İtirazda, o periyotta belge üzerinde kapalılık kararı bulunduğuna dikkati çekilerek, Yıldırım’ın, Öktem’in hastaneye kaldırıldığı bilgisine nasıl ulaşıldığı soruldu. Dilekçede, “Serdar Öktem’in Etlik Kent Hastanesi’ne götürüldüğü bilgisini veren, hastaneye götürürken kendisine eşlik eden çalışanlar ile cezaevinden çıkışını sağlayan yetkililer, hastanede kendilerine bilgi veren ve tekrar hastane bahçesinde bilgi verdiği manzaralara yansıyan infaz müdafaa memuru dahil, bu olaya iştiraki olan herkes hakkında kabahat duyurusunda bulunulacak ve haklarında hem isimli hem de idari soruşturmaya başlatılması için gerekli türel müracaatlar yapılacaktır. Ortada bir hastalık durumu mu vardır, yoksa Serdar Öktem’in kalp spazmı geçirdiği ‘bahane’ edilerek cezaevinden hastaneye sevk edildiği ve bu sayede tutukluyken görüşmesi mümkün olmayan bu isimlerle görüşmesine imkan mı sağlandığı hususu yapılacak müracaatlar sonucunda umarız ki bir ihtimal netlik kazanacaktır” sözlerine yer verildi.

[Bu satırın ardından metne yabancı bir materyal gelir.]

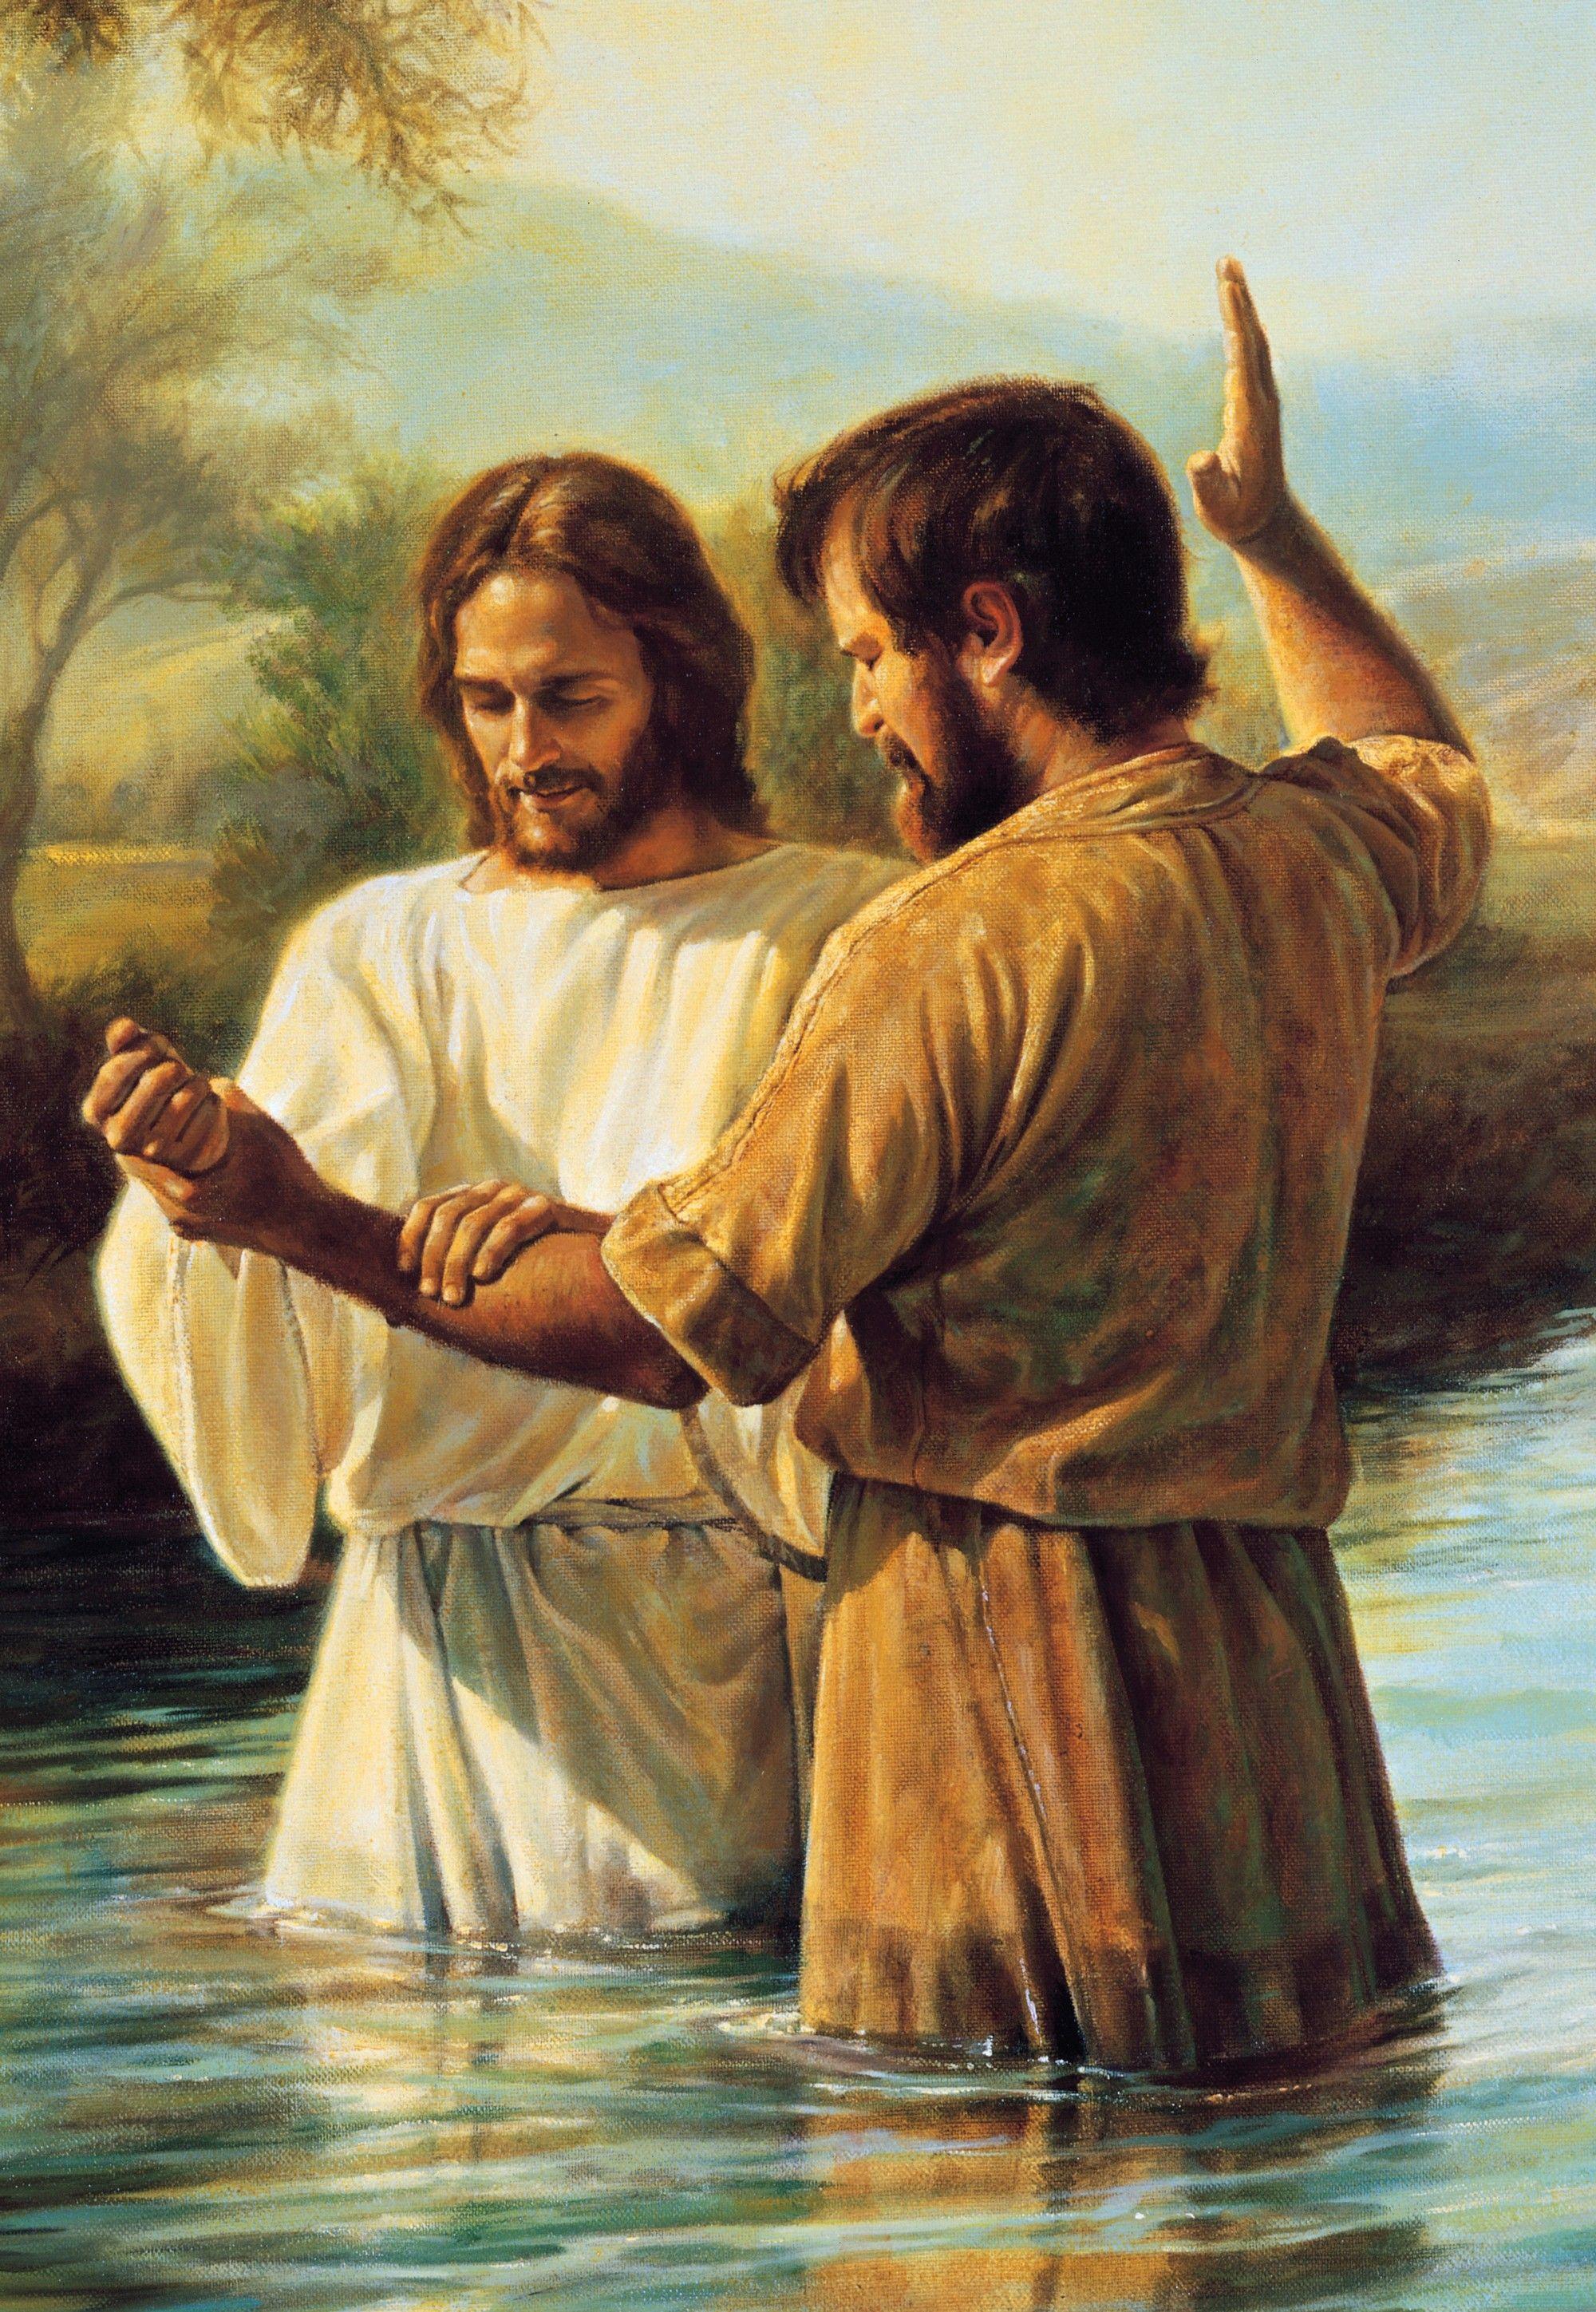 John the Baptist Baptizing Jesus, by Greg K. Olsen

“BU ŞAHISLARIN SÖZLERİNE DAHİ BAŞVURULMADI”
Ayrıca yapılan itirazda, MHP’li pek çok ismin tabirlerinin dahi alınmamasına işaret edilerek, şunlar kaydedildi:
-Sanık Tolgahan Demirbaş’ın yanında yakalandığı ve birçok şahit ile müştekilerin tabirlerinde aksiyonun failleri ortasında olduğu beyan edilen Milliyetçi Hareket Partisi eski milletvekili Olcay Kılavuz, aksiyonun gerçekleştirilmesi buyruğunu vererek olayın asıl azmettiricileri ortasında bulunan Ülkü Ocakları Genel Başkanı Ahmet Yiğit Yıldırım, Dava Ocakları Ankara İl Başkanı Ömer Şanlı gibi bireylerin tabirleri belge içerisinde bulunmamaktadır.
-Bu bireylerin ortak noktaları ise tıpkı toplulukta yer alan siyasi bireyler olmalarıdır.
-Anlamlandırmakta zorlandığımız konu; ortada organize halde işlenmiş bir suikast olmasına ve bu cinayetin şüphelilerinin isimlerinin belge içerisine girmiş, haklarında defaten ihbarda bulunulmuş olmasına karşın, bu şahısların sözlerine dahi başvurulmamasının altında yatan temel saik ve bunun münasebetinin ne olduğudur.
-Kanıtlamak sıkıntı olsa, siyasi isimlere dokunsa dahi yetkili makamların, buna karşın tüm gerçekleri ortaya çıkarmaları ve dava şartlarının tamamını kıymetlendirerek karar vermeleri gerekir. En azından çağdaş ülkelerde bu formda olduğunu görüp bilmekteyiz.